# Painful Forearms?



## goodgabba (Jan 3, 2006)

Hello to everyone at uk-muscle!

i've been training for 2 months and have noticed that on certain days, mainly chest and bicep days, i find my forearms ache more (and for longer) than my chest muscles and biceps. could this be due to bad form/technique or perhaps due to weak wrists/forearms that just need to build up? furthermore, i notice my forearms aching moreso using barbell compared to dumbells.

thanks for any info


----------



## RAIKEY (Jun 30, 2005)

do you curl with a straight bar or e-z bar.?

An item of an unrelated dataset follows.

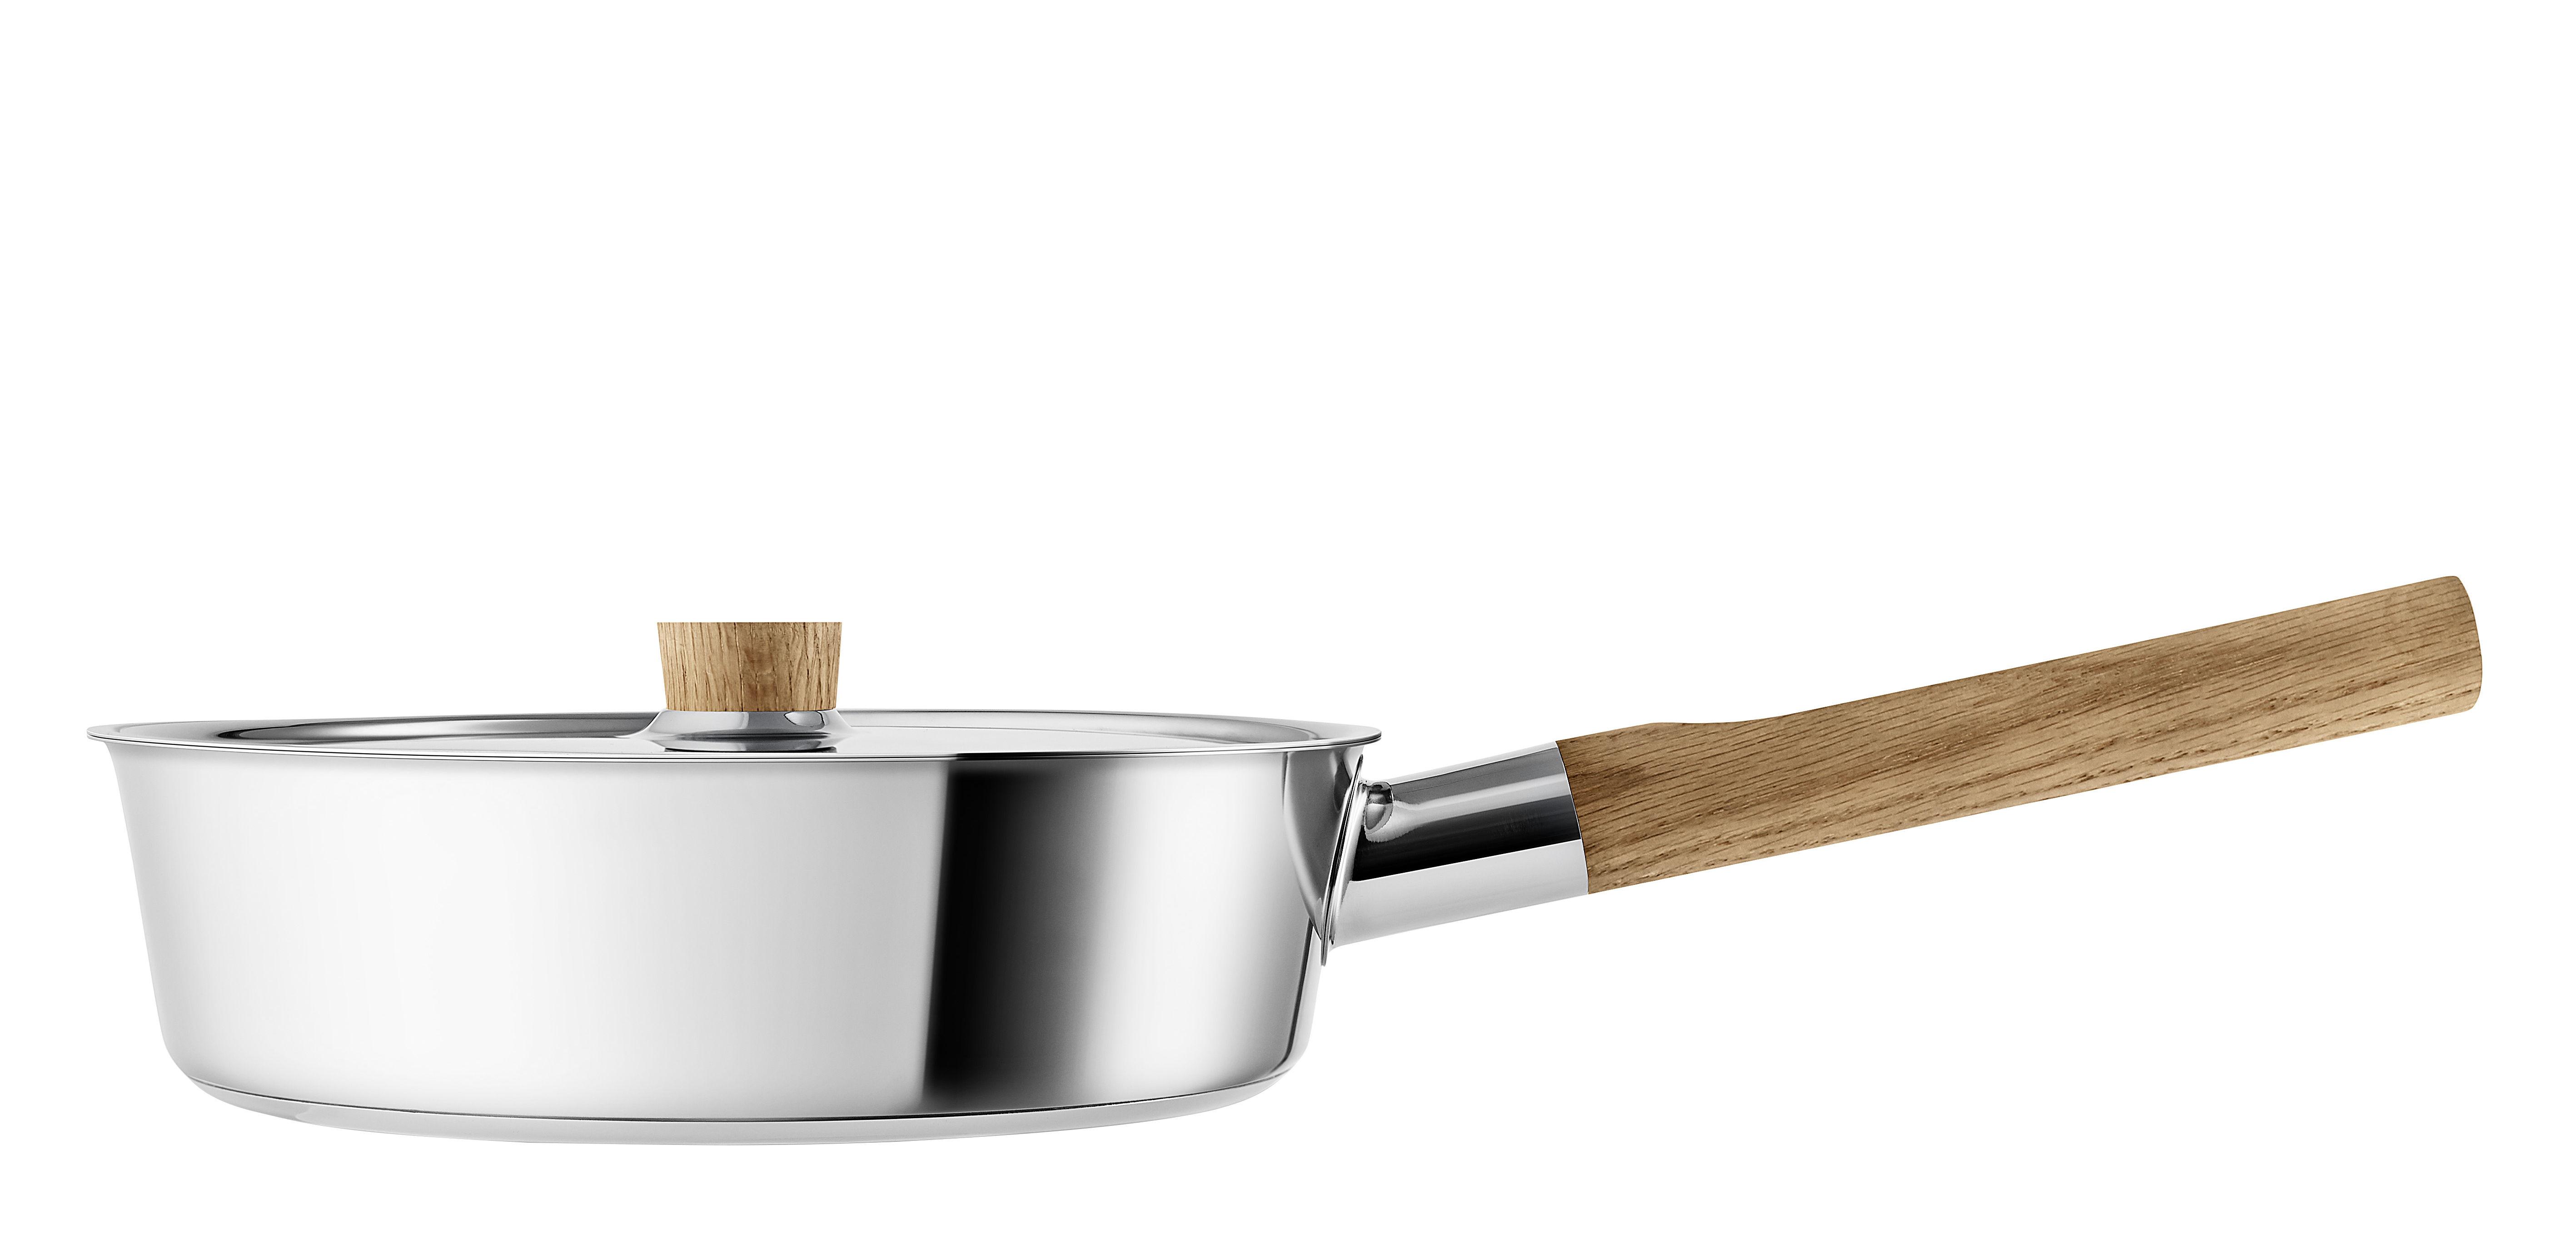 Kitchenware - Pots & Pans - Nordic Kitchen Casserole - / Ø 24 cm - With lid by Eva Solo - Stainless steel / Oak - Oak, Stainless steel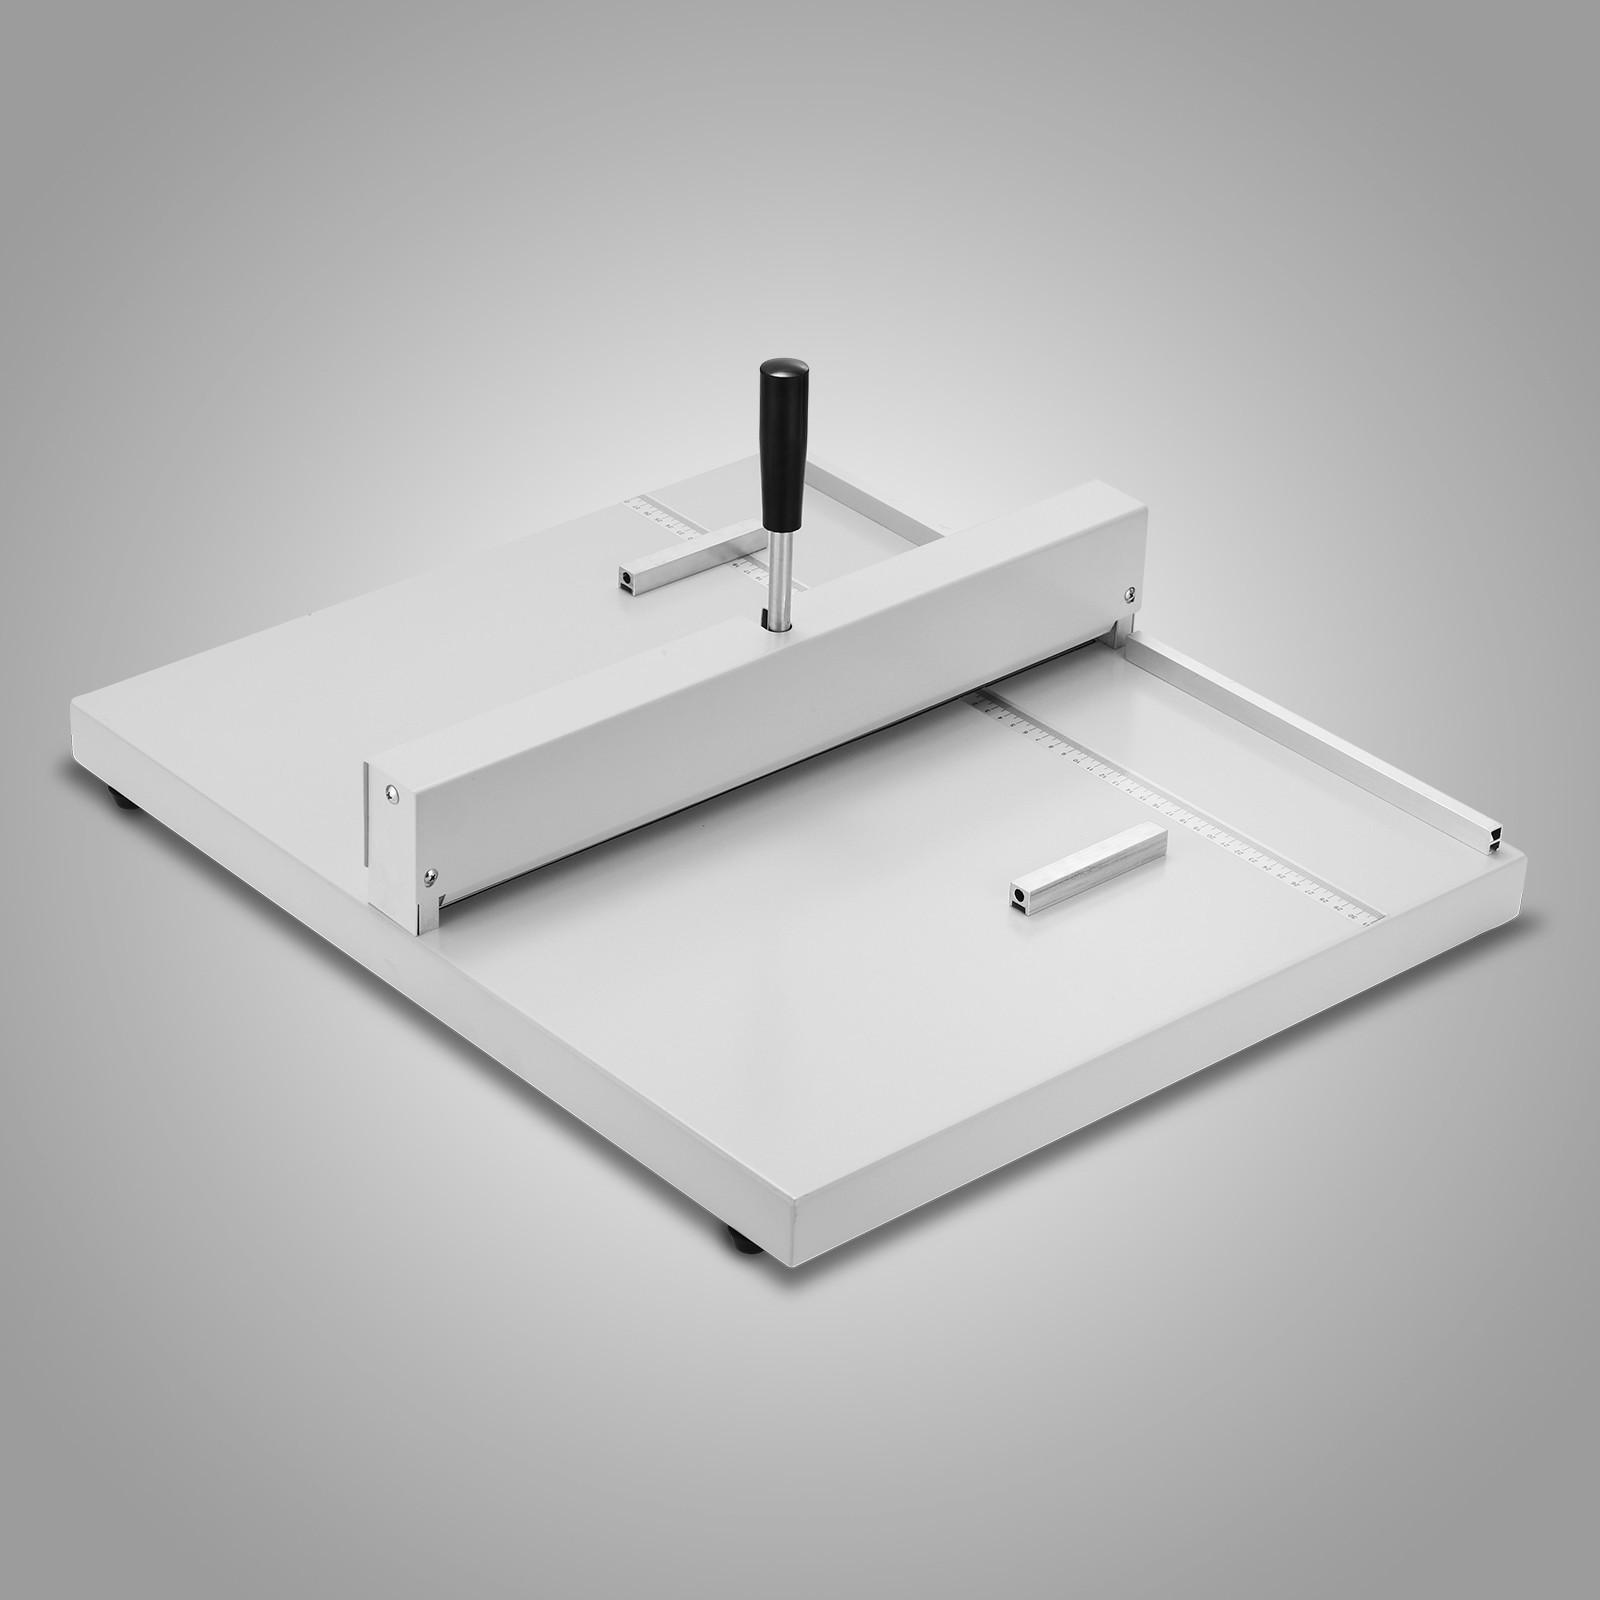 Cordonatrice-Perforatrice-Max-350-520mm-Profondita-Regolabile-Elettrica-Manuale miniatura 38

when using db's your wrist can follow the line it needs to so doesnt put this strain on the forearms.

this is why your f/arms dont hurt using dumbells.

when you use a striaght barbell to curl with it forces your palms directly upwards as you lift, and can put a strain on wrists/forearms.

(i personally love this feeling and do straight bar curls on purpose)

but may i sugest dropping this excercise and using a E-Z bar for curls .

just till you find out whats causing the pain,

but then i would be tempted to reintroduce them as your grip and forearms become more deleloped .

you could even try , when dumbell curling, to gradually bring the dumbell to a parrelel line to the floor during the lift,

this way, *you* have control of how far to go, and not, the bar.


----------



## RAIKEY (Jun 30, 2005)

apologis if this is confusing but i,ll dig out some pics if it is.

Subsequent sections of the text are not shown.